LiteParse processes documents through three distinct stages that run sequentially for every page. Each stage holds specific data structures in memory until the final `ParseResult` is assembled in [`crates/liteparse/src/parser.rs`](https://github.com/run-llama/liteparse/blob/main/crates/liteparse/src/parser.rs).

### PDF Loading and Text Extraction

The process begins when `pdfium::Document::load` maps the entire file into memory. For each page, the `extract_page_text` function in [`crates/liteparse/src/extract.rs`](https://github.com/run-llama/liteparse/blob/main/crates/liteparse/src/extract.rs) pulls all text items into a `Vec<TextItem>`. The `Parser::parse` method then collects these vectors from every page into a single `ParseResult` structure. This means the raw file size sits in memory via PDFium, plus every extracted text item accumulates in Rust-managed heap space.

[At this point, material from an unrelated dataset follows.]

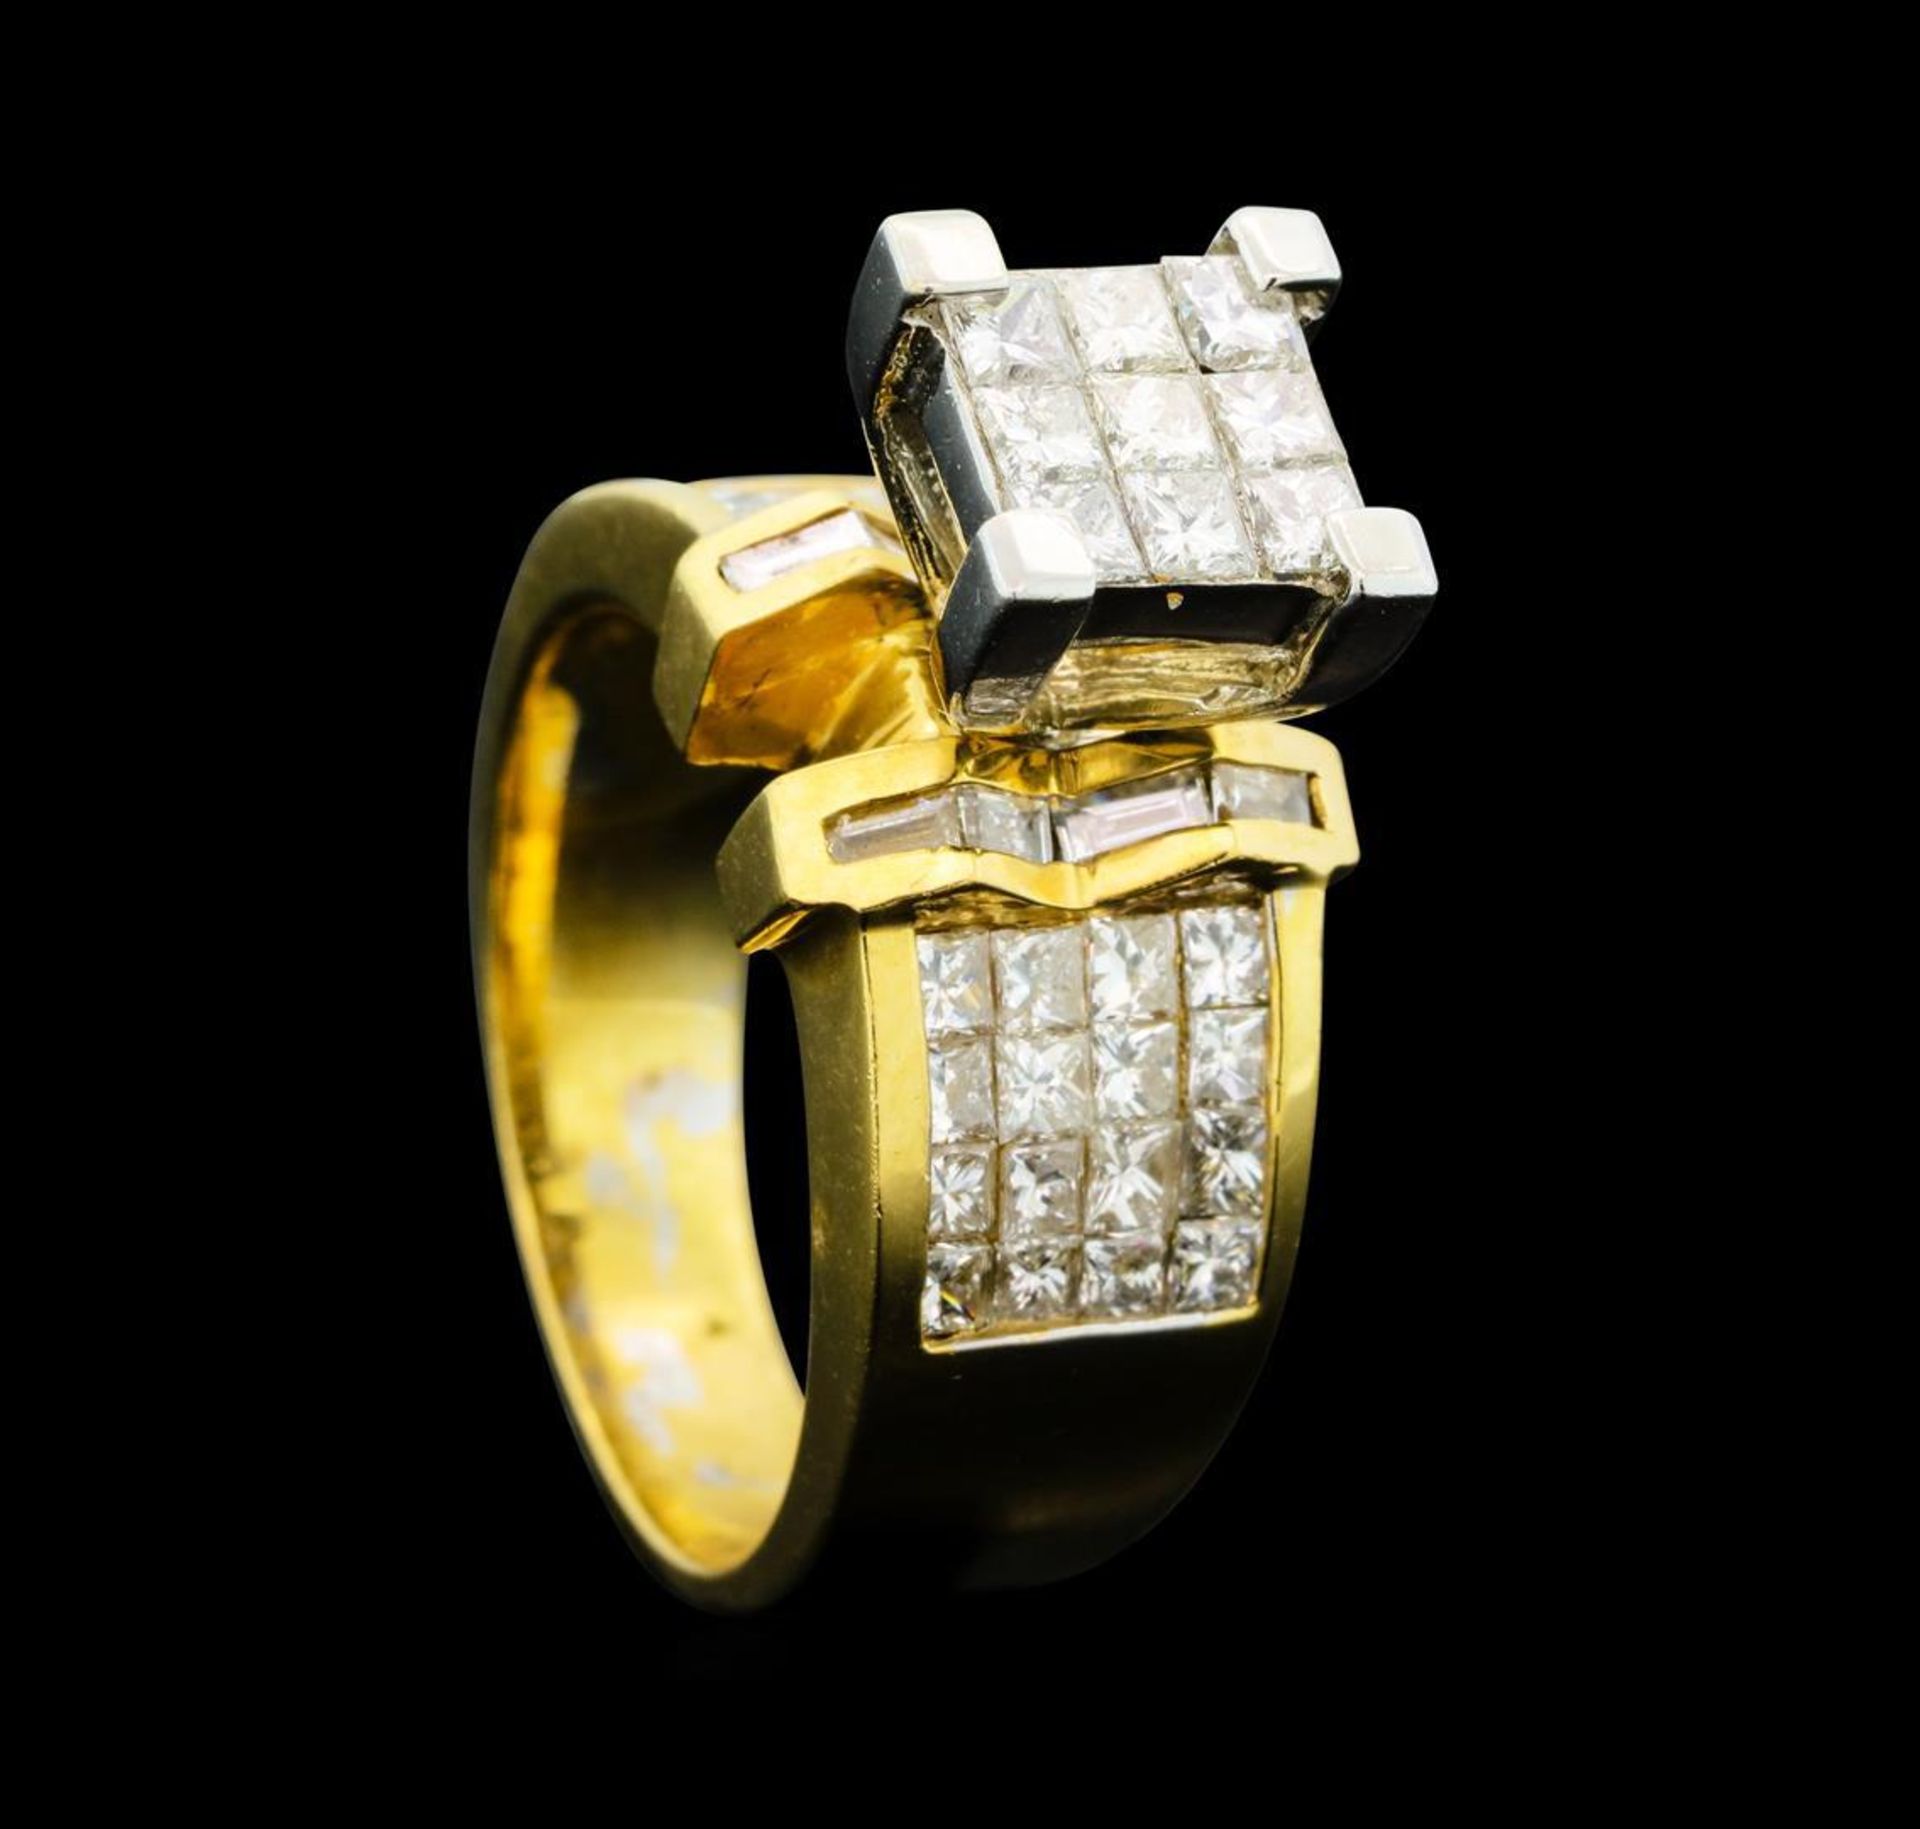 2.10 ctw Diamond Ring - 14KT Yellow And White Gold - Image 4 of 5

### Spatial Layout Reconstruction

After extraction, `Projection::run` (called from `Parser::parse`) builds intermediate geometric structures in [`crates/liteparse/src/projection.rs`](https://github.com/run-llama/liteparse/blob/main/crates/liteparse/src/projection.rs). For every page, the engine constructs an **anchor grid** and **column structures** stored as `PageLayout` and `AnchorGrid` objects. These structures remain allocated until the final output serialization completes, adding overhead proportional to page complexity and count.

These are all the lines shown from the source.